People in Miami got to know Colonel Vach. He prayed 3 times a day at the makeshift shul on the site, where the Ainsworth children – all adults with families – prayed, hoping they would have news of their parents, gradually hoping the team would recover their bodies to bury, necessary closure for grieving people. Colonel Vach spoke to all the Champlain families, Jewish and not Jewish, helping them along this tortuous path of grief and the unknown. He reassured each family that at no time did anyone suffer, the collapse was so quick and sudden.
On Wednesday July 7, Colonel Golan Vach pulled out bodies. Two of them were Tzvi and Itty Ainsworth. Itty was speaking to a mutual friend of ours on Wednesday night June 23rd. Itty was telling her that she had to sleep, she was getting up extra early for a dawn swim at the beach followed by her newest granddaughter’s baby naming at shul on Thursday, as is traditional for baby girls. This was the last person Itty spoke to. Morning prayers on Thursday June 24 looked very different. There was no naming, no simcha.
Although the colonel and his team had finished their tour of duty, he had one more sacred mission to accomplish.

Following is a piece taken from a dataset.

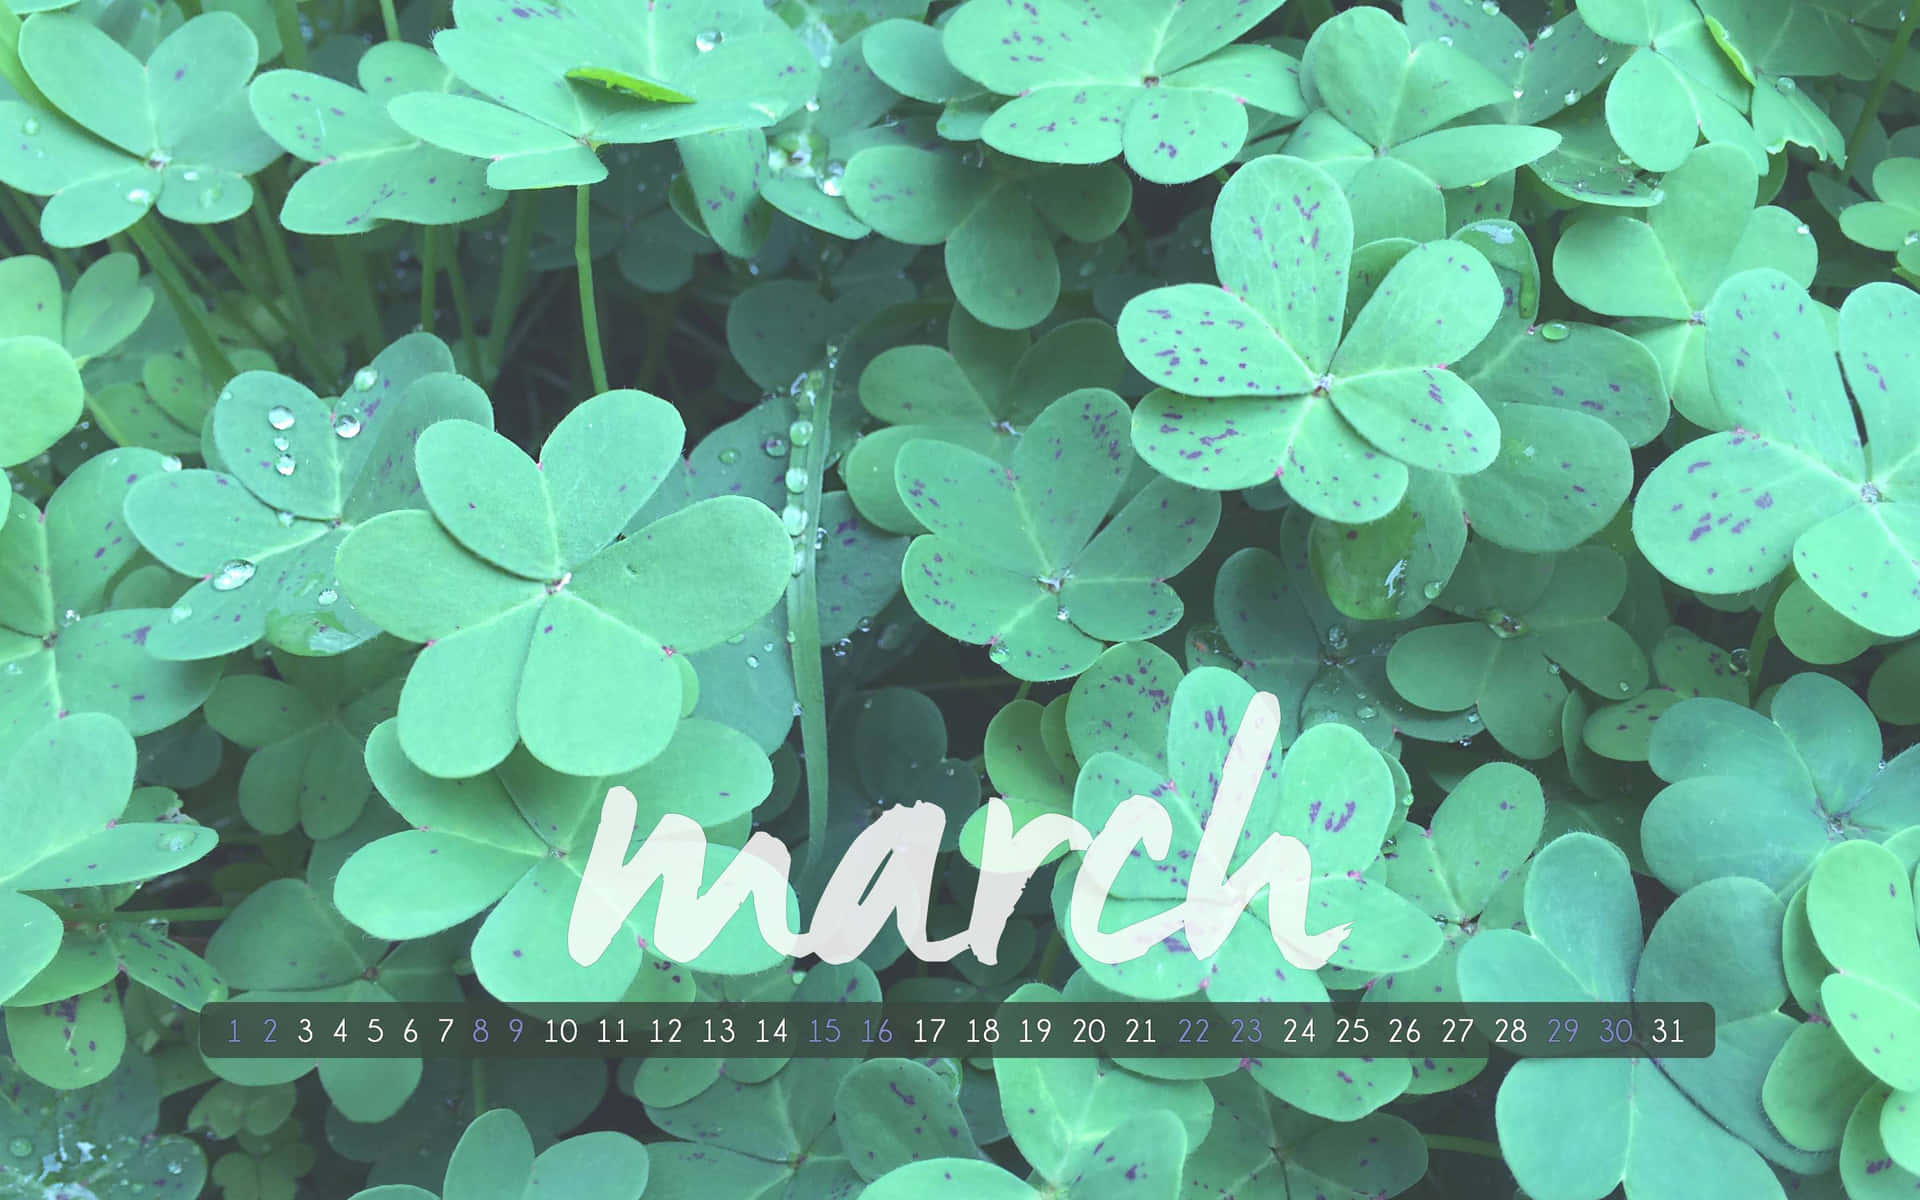 Celebrate the start of Spring with this cute March wallpaper! Wallpaper

The Ainsworth children asked Colonel Vach if he would like the honor of being called up to the Torah to bequeath the tiniest baby Ainsworth with a name, after all, she had waited over two weeks. ‘This is my shlichut, to give this family comfort at their time of deepest sorrow’. Dressed in mourning garments, all the children went to the makeshift shul to hear the baby’s name, so called out by Colonel Vach. Her name is Itta, after her dear grandmother, who left this world in her prime, enjoying her family and community.
That afternoon, the colonel and his 14 soldiers left Miami in good hands, their work was done. They will be in contact with the Miami recovery teams over Zoom and I’m quite sure with the Ainsworth family as well. A bond like that cannot be broken. The team was given a grand farewell, all the families and Miami forces came out to thank them for their tremendous efforts. The team was singing Ani Maamin…I believe with complete faith that Mashiach will come.’ It was a beautiful, haunting clip.
God has been sending us cryptic messages about structures lately. All of them are devastating in so many ways. ‘What does this mean?’ we all ask. Sometimes God provides us with a little wink among the dust and dirt, like baby Itty, born to parents who are now orphans, ensuring these children that Tzvi and Itty are never far from them, just in a smaller package. Although the unfathomable happened, there is hope among our people. All babies are miracles, but baby Itty restores our faith in God. She is the Champlain building’s family miracle. She provides hope, even in the darkest days.
Rest in peace dear Tzvi and Itty, you primed your children well to look after our future generation.